Bien, ésta ha sido mi versión (algo más liviana, pero con todo el respeto y cariño) de este revuelto gratinado de papas, cebolla y repollo que tanto me gustaba de pequeña. Entre nosotros, debo confesarles que me sigue gustando como entonces y que evoca en mí recuerdos de personas que ya no están conmigo desde el punto de vista físico, pero que me acompañan en mi corazón.

Recuerden que el repollo morado (o col lombarda) aporta muy pocas calorías (entre 20 y 25 calorías por cada 100 gramos), debido a su bajo contenido en hidratos de carbono. Además, es rico en azufre y vitamina C, en antioxidantes (beta carotenos, vitamina C y compuestos sulfurosos), hierro, calcio, magnesio, fósforo y antocianina (que protege contra el cáncer y mejora el funcionamiento del cerebro).


Antes de despedirme, quiero agradecerles a Norma de Cinco Fogones por entregarme el One Lovely Blog Award




y a Julia de Julia y sus recetas por otorgarme tan bonito premio, en forma de corazón y repleto de mariposas (Por más que estuve dele y dele querer averiguar el nombre de este premio, no lo logré... Pero, ¡¿a quién no podría gustarle con tanto color y delicadeza?!) 





Si ustedes no conocen sus blogs, los invito a que pasen por ellos porque son muy interesantes y bien bonitos.

Como siempre que recibo premios, me siento muy halagada y feliz porque mis colegas eligen mi blog para premiarlo. Llevar adelante un blog demanda mucho trabajo, dedicación, cariño y empeño (ustedes bien lo saben); por ello, los premios son bienvenidos porque nos dan un empujoncito para seguir creciendo y avanzando, aceptando nuevos desafíos y comprometiéndonos a continuar mejorando.

Aquí les dejo el listado de blogs a los que les entrego este nuevo premio (debe tratarse de blogs que cuenten con menos de 200 seguidores para incentivar su crecimiento y apoyarlos en su esfuerzo). Recuerden los premiados que deben entregarlo a otros blogs que reúnan estas características, evitando devolvérselo a quien los premia. ¡Mis felicitaciones a todos ellos!

Cinco Fogones
Dos de azúcar 
Eva en pruebas
JP Cocina
Mágica Cocina
Us en llepareu els dits!


Les deseo una hermosa semana. ¡Sean felices!

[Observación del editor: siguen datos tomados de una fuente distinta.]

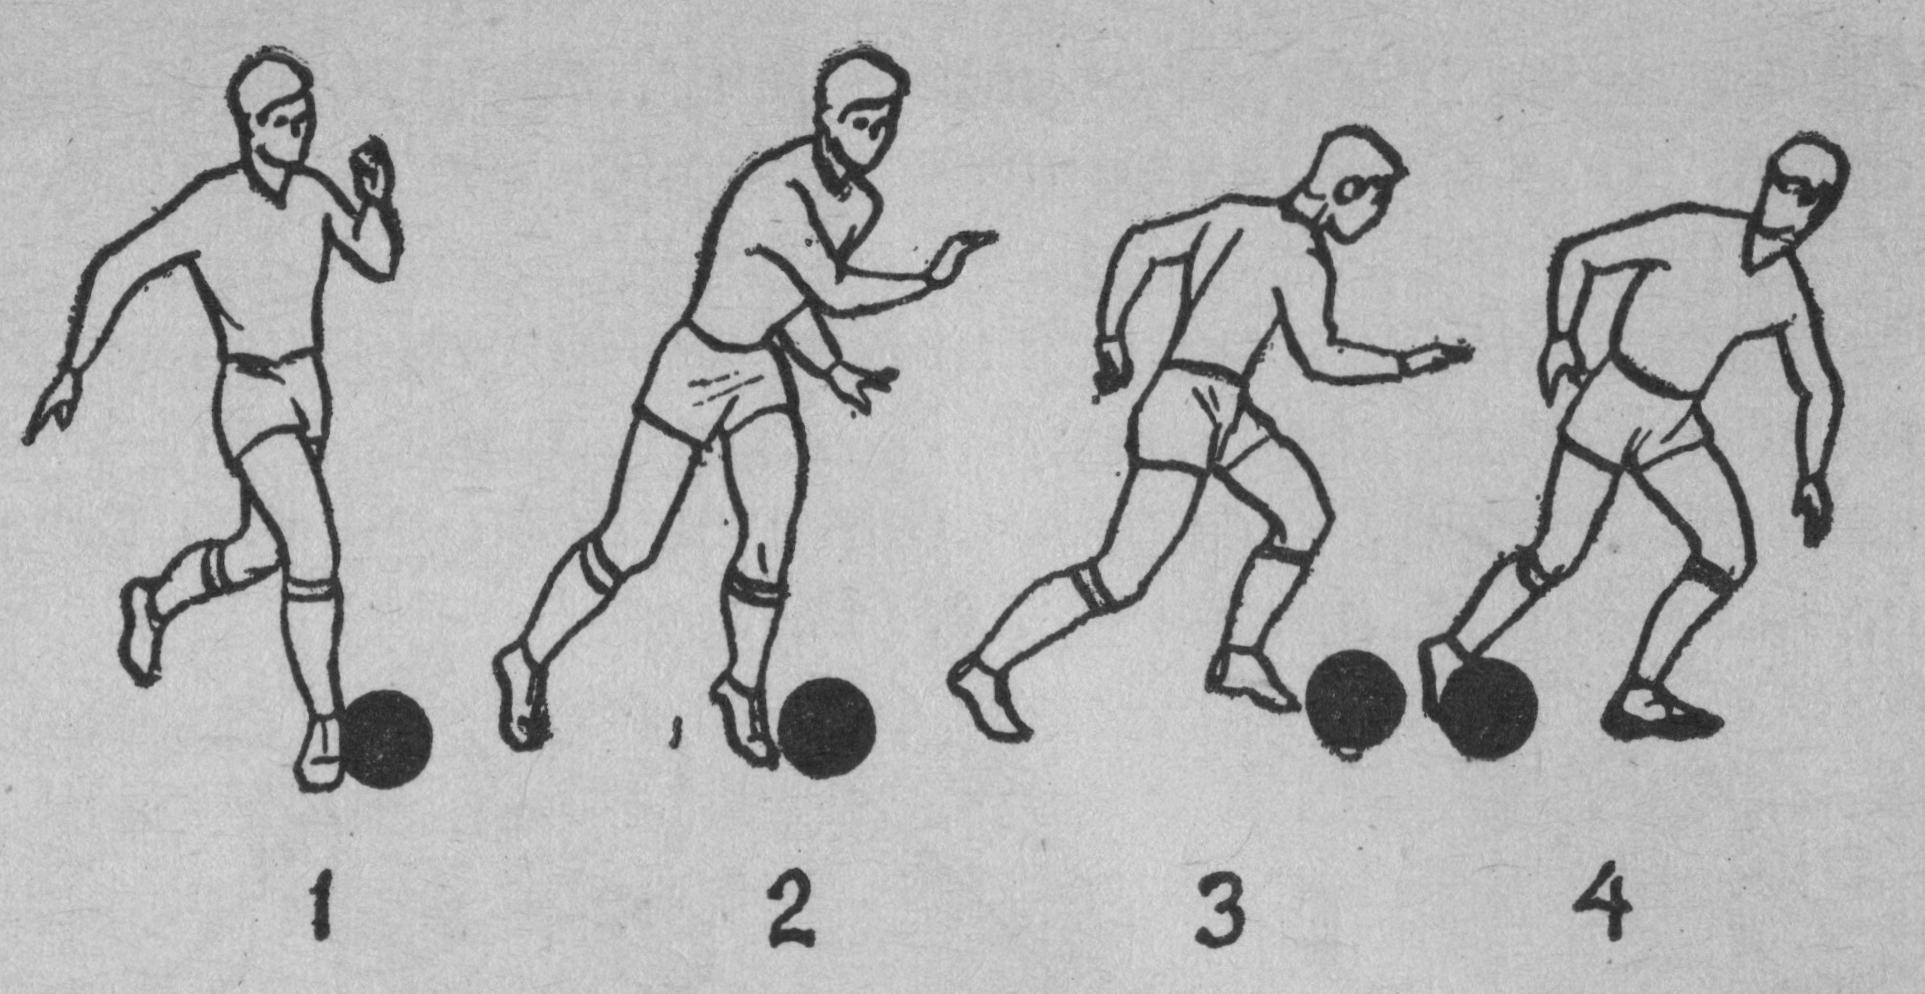 Техника удара в футболе. Ведение мяча ногой в футболе. Техники ведения мяча ногой в футболе. Приемы ведения мяча в футболе. Упражнения на технику ведения мяча в футболе.

Cariños grandes.




jueves, 30 de mayo de 2013

Torta de batatas y chocolate (sin harinas y apta para celíacos).

Muchos de ustedes me consultan para saber cómo pueden modificar alguna de mis propuestas para convertirlas en aptas para celíacos. Pues bien, este mes de mayo se celebra el Día Internacional de la Celiaquía y el Día del Celíaco, razón por la que quería decir presente con algún plato que podamos disfrutar todos. La propuesta que les traigo hoy reúne estas características. Se trata de una torta deliciosa apta para amantes del chocolate y la repostería diferente. Una torta bien húmeda, de sabor delicado y con mucho chocolate. Además, a base de batatas... Ustedes saben cuánto me gusta preparar tortas con vegetales como ingrediente principal (Cheesecake de batatas, miel y nueces Pecan y Budín de zanahoria, ricota y chía) y la ocasión me pareció más que oportuna.

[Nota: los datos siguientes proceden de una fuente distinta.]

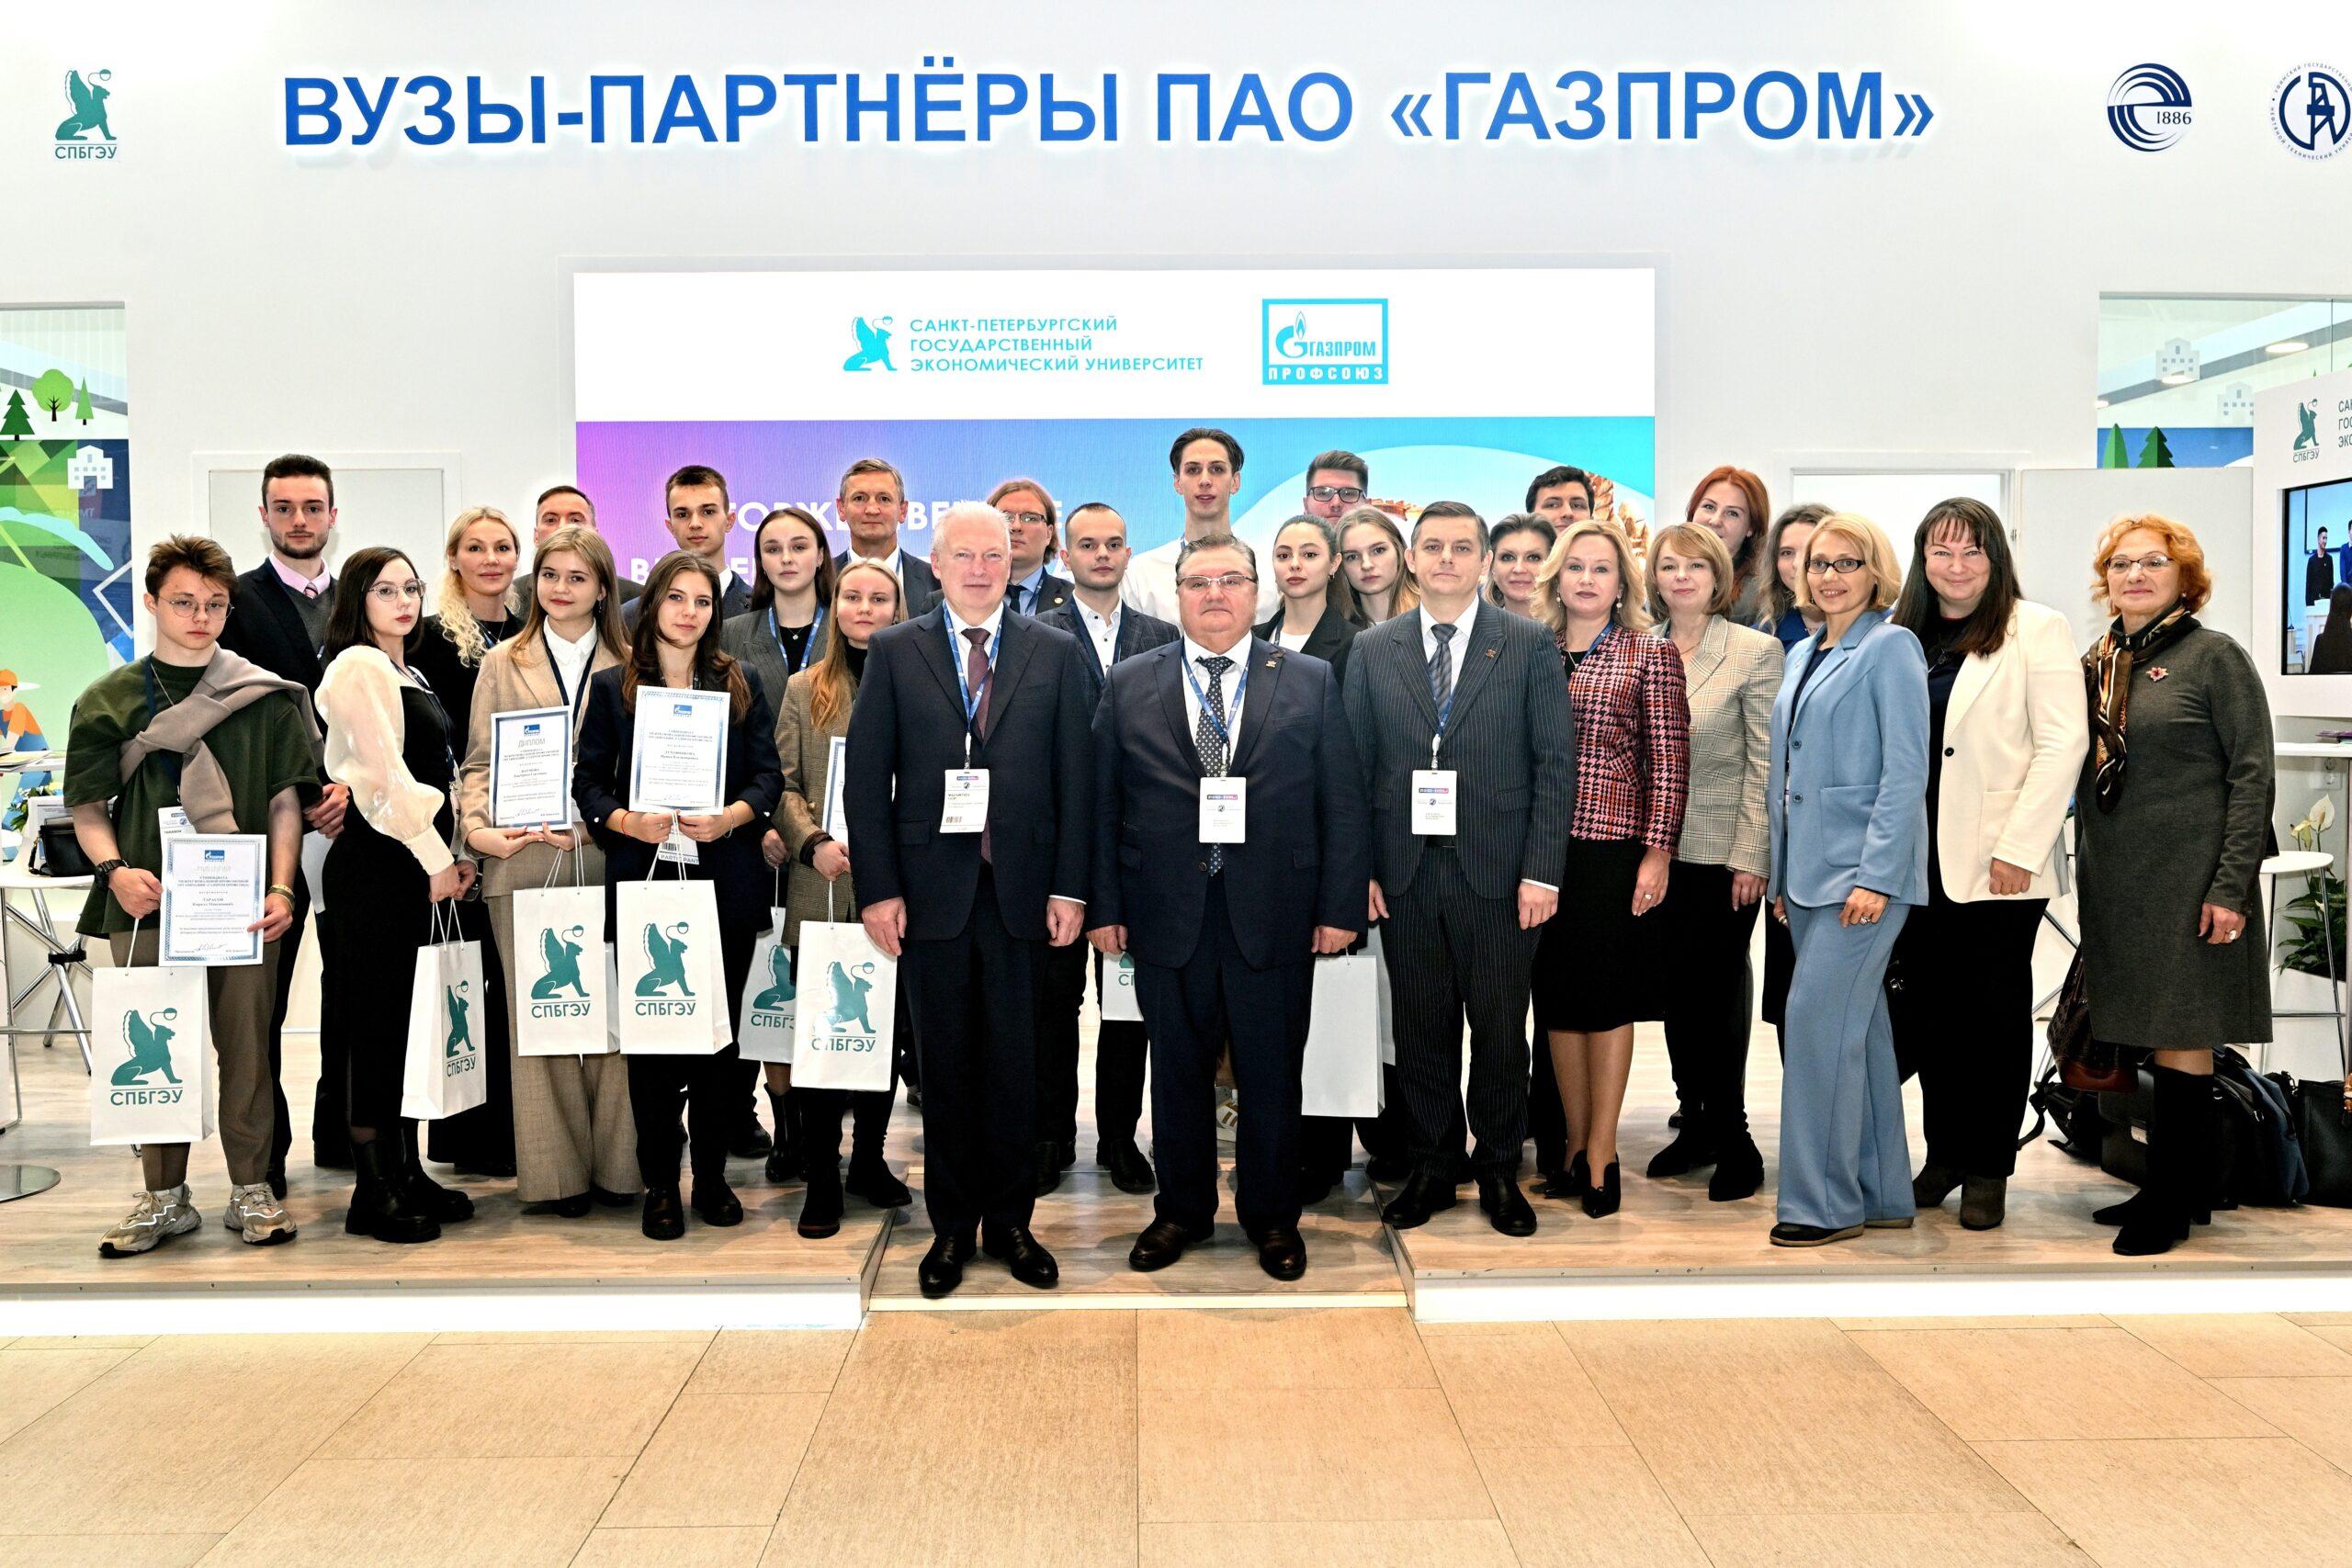 Студенты СПбГЭУ получили именную стипендию председателя «Газпром профсоюз»

La versión original (no pude con mi genio y le hice algunos pequeños cambios) se encuentra en el libro "Mi primer libro de recetas" de la cocinera argentina Juliana López May (especialista en comida sana, a partir de productos de orgánicos y de estación). En cuanto vi esta receta, supe que la quería preparar y me puse manos a la obra. Aquí están los resultados: una torta que les va a encantar y que es apta para celíacos...




Aquí les dejo los ingredientes que necesitarán para prepararla.






Lo primero será que coloques en una placa para horno (o asadera) 500 gramos de batatas (o boniatos) con sus cáscaras, limpias y cortadas en mitades (en sentido longitudinal). Rociá con un hilo de aceite neutro las batatas y llevalas a cocinar en horno fuerte hasta que puedas obtener un puré suave y cremoso.




Con una cuchara, desprendé las pulpas de la batatas de sus cáscaras, realizá un puré con ellas (sin agregar nada; puede ser con tenedor o pisa papas) y reservalo.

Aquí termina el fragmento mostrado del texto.